French poet (1760–1839)

Victoire Babois, also known as Victoire-Magueritte Babois (6 October 1760 – 18 March 1839), was a French poet and writer of elegies. Married in 1780, she suffered tragedy when her five-year-old daughter Blanche died in 1792. This experience led her to write an elegy to her daughter, which, encouraged by her uncle Jean-François Ducis, she published in 1804. The collection of poems was reprinted six times in the following six years, and influenced other French poets, including Marceline Desbordes-Valmore and Alphonse de Lamartine. She published other collections of elegies, including political works that commented on contemporary events like the Napoleonic Wars. She died on 8 March 1839 and is buried in Paris.

==Biography==
Babois was born in Versailles on 6 October 1760, the only daughter of Jean-Baptiste and Magueritte, née Lapoulide. She was known by the forename Victoire-Magueritte and Victoire. She received very little education, although she later recalled enjoying reading Jean Racine. She married Jacques-Nicolas Gosset in 1780. However, her only child, a girl named Blanche, died in 1792 at the age of five. After this, her marriage did not last and she separated from her husband and divorced in 1793.

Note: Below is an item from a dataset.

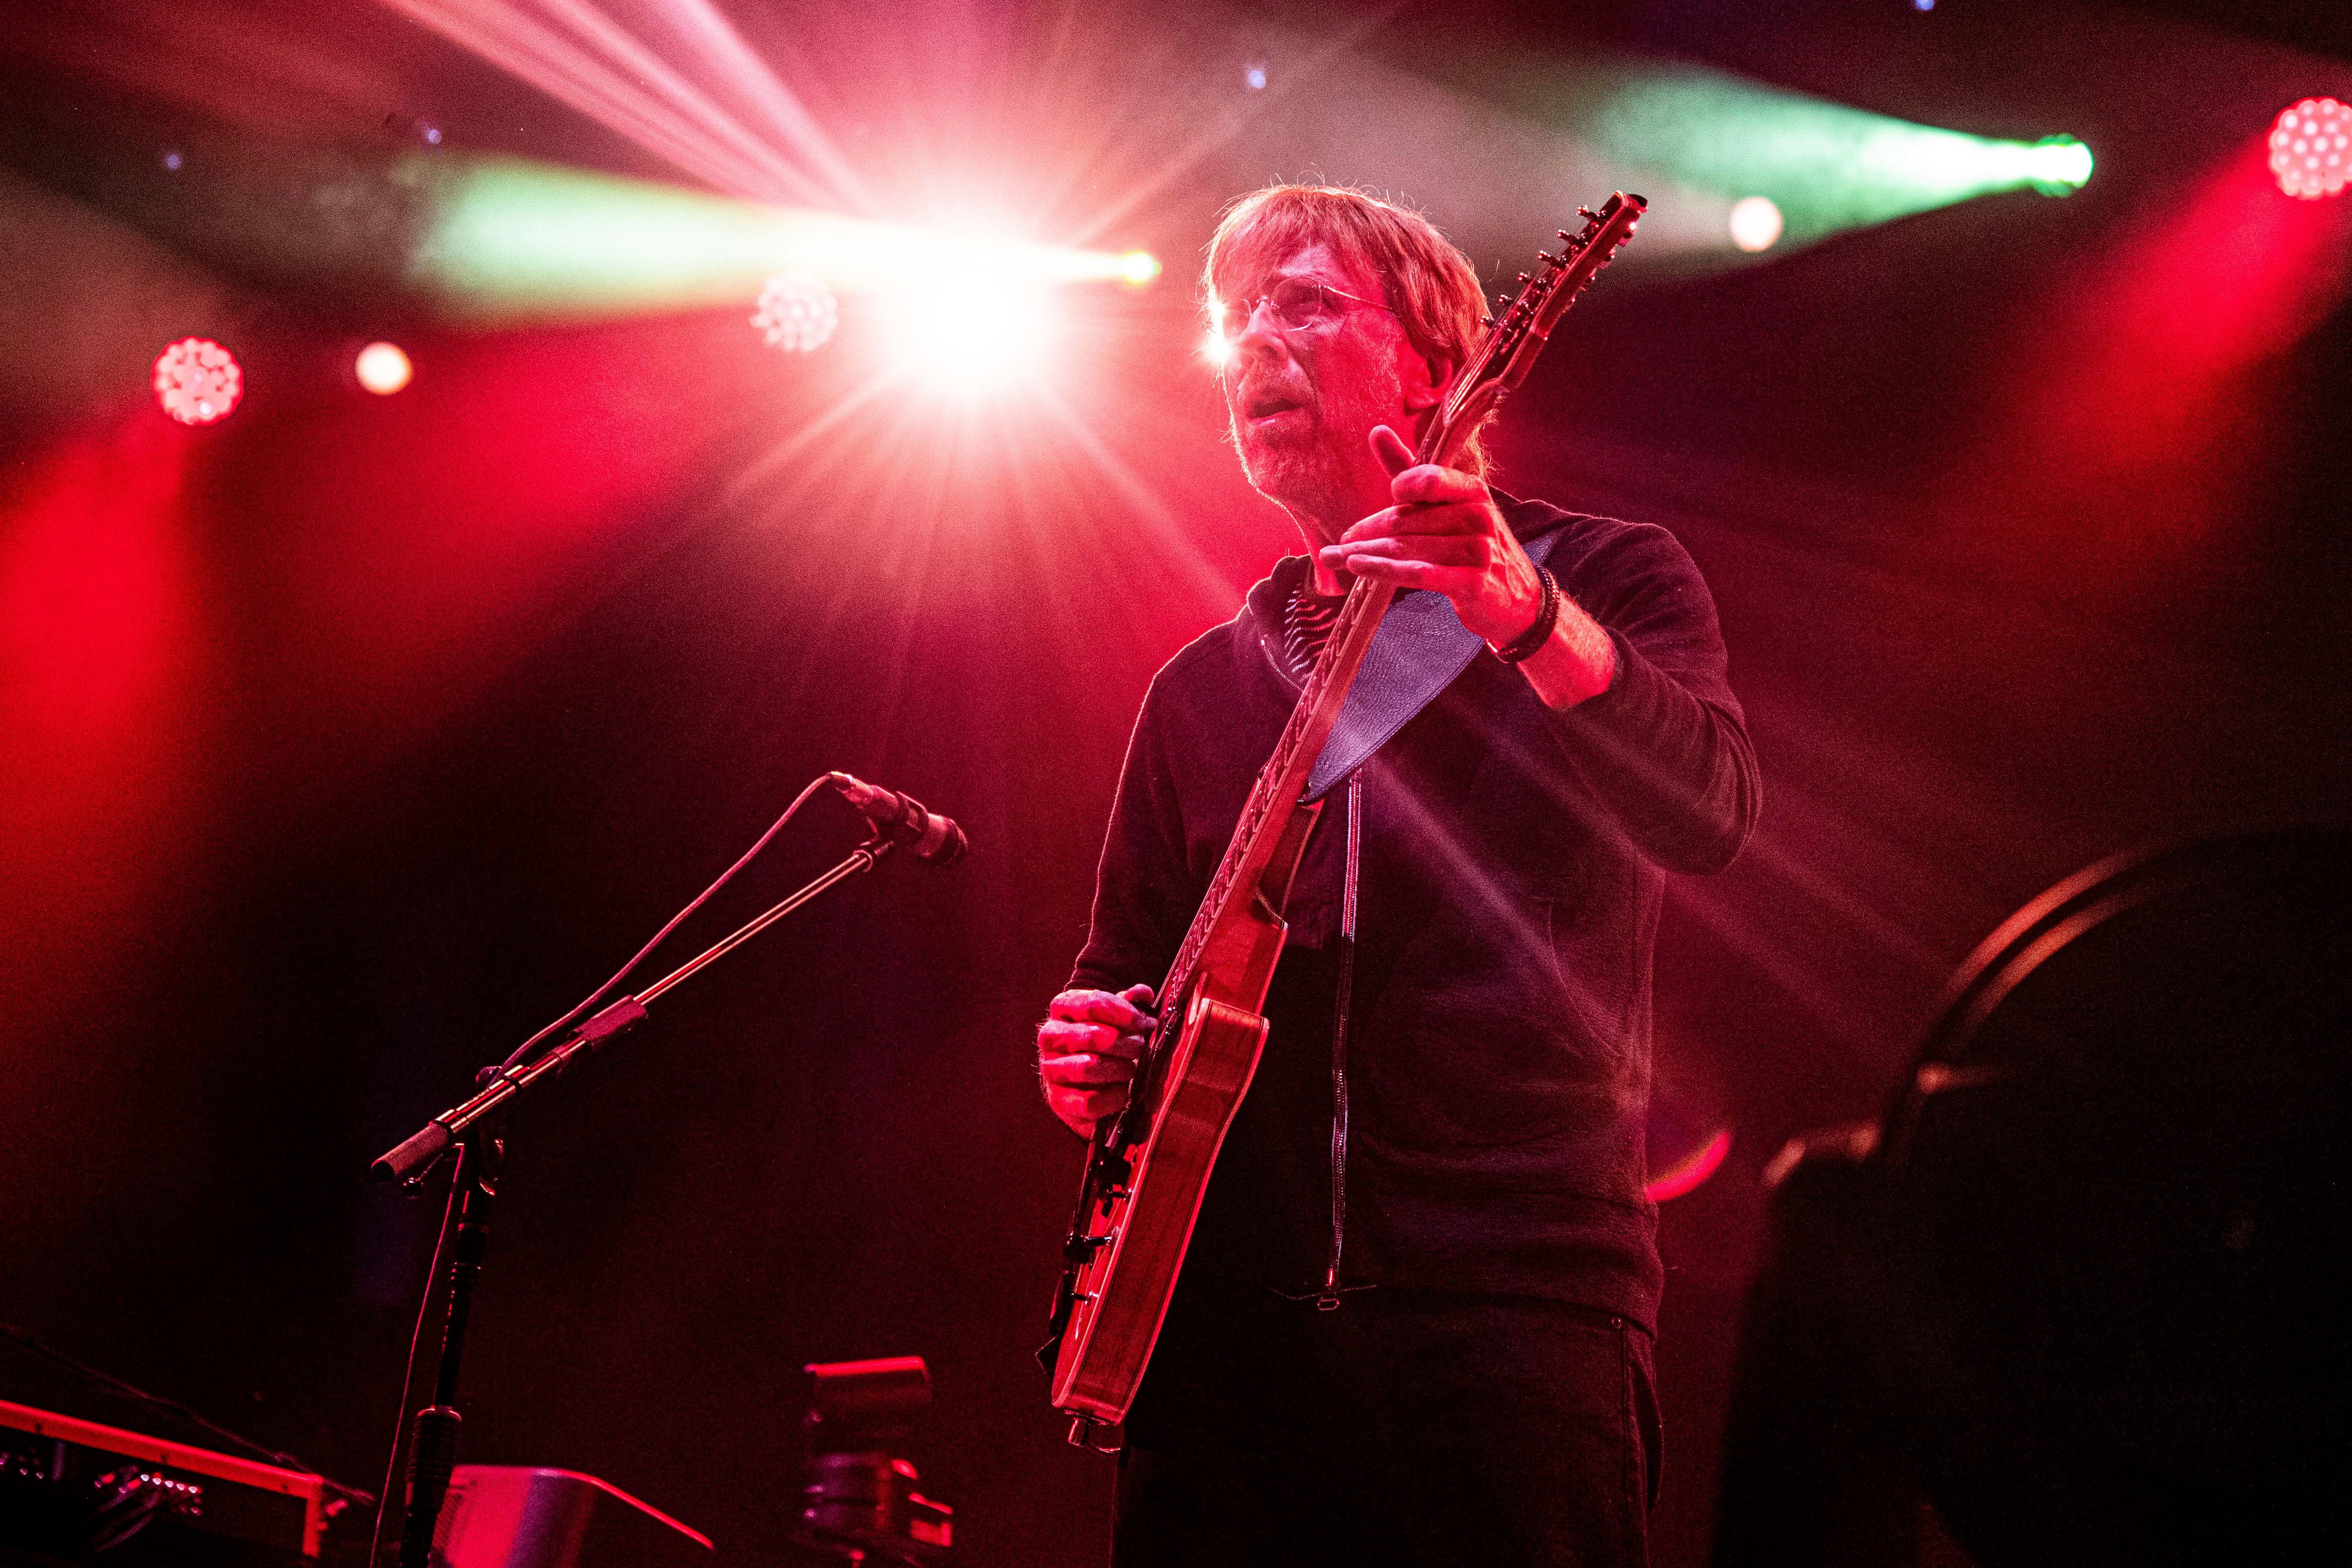 Phish guitarist to found substance abuse treatment center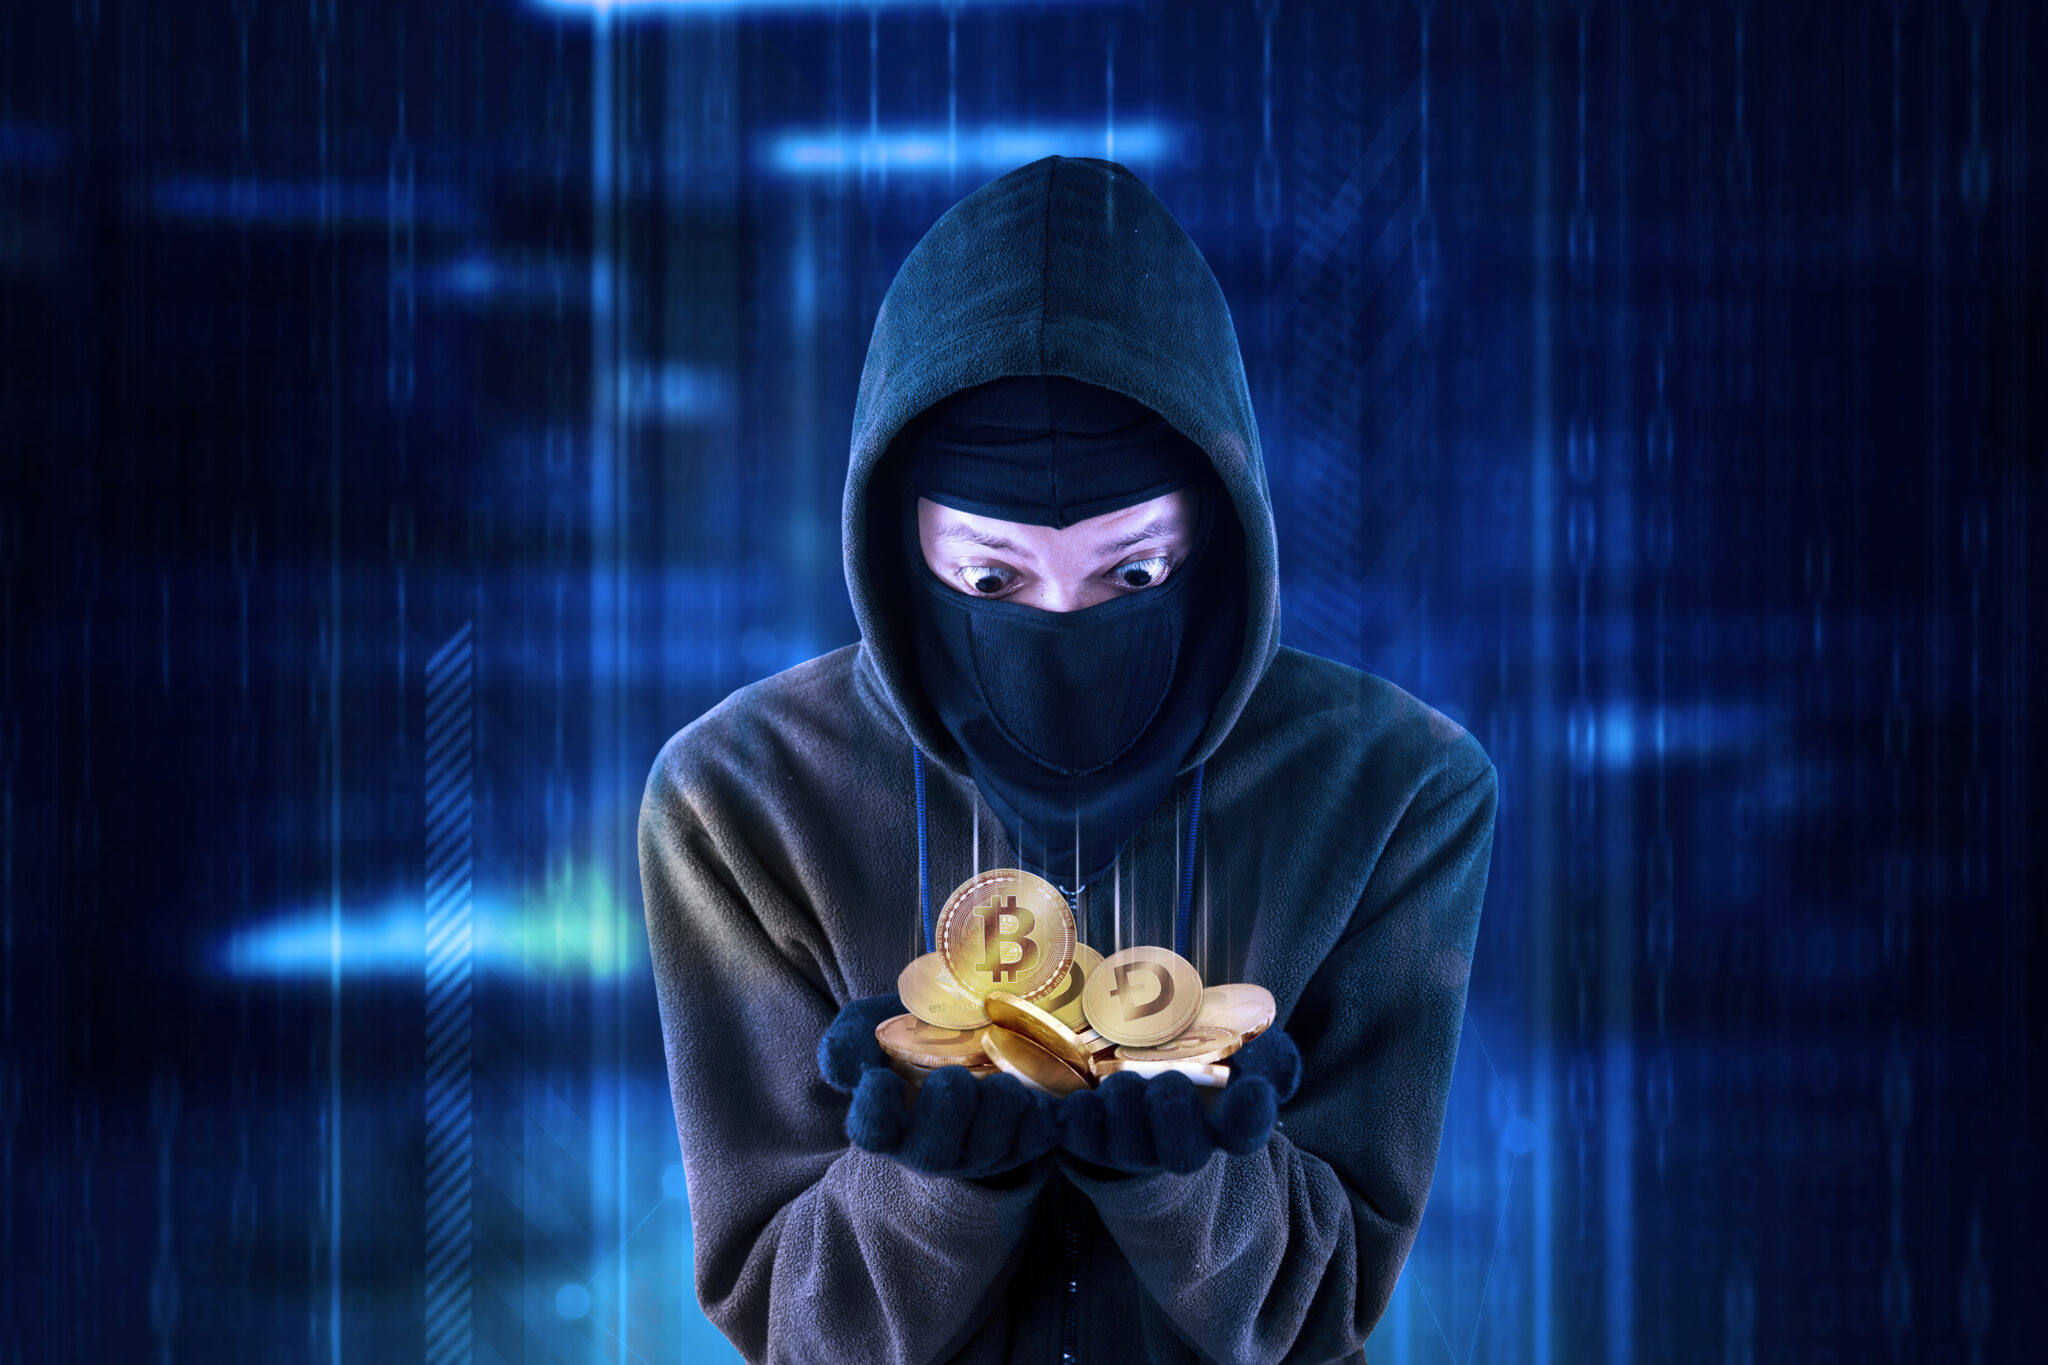 Hooded hacker looks shocked while getting cryptocurrency coins and standing with virtual screen background

This experience of tragedy inspired her to write poetry. Her uncle, Jean-François Ducis, encouraged her to publish and her first anthology of elegies was published in 1804. The poems, a response to the death of her daughter, proved very popular and were reprinted six times before 1810. Meanwhile, she had met the poet Jean-Jacques Karpff in 1806, who subsequently lodged with her until his death in 1829.

She became increasingly well known in literate circles for her elegies and, in 1815, published an elegy on the death of Ducis. He wrote of her, "Née pour être amante, épouse, mère et patriote passionnée, pour être excellente fille, fidèle et généreuse amie, vous avez dû souffrir beaucoup. Telle a été votre destinée. Mais, votre douleur maternelle, confiée à vos éloquentes élégies, vivra longtemps dans vos vers." ("Born to be a lover, wife, mother and passionate patriot, to be an excellent daughter, a faithful and generous friend, you must have suffered a lot. Such has been your destiny. But, your maternal grief, enshrined in your eloquent elegies, will live forever in your verse.")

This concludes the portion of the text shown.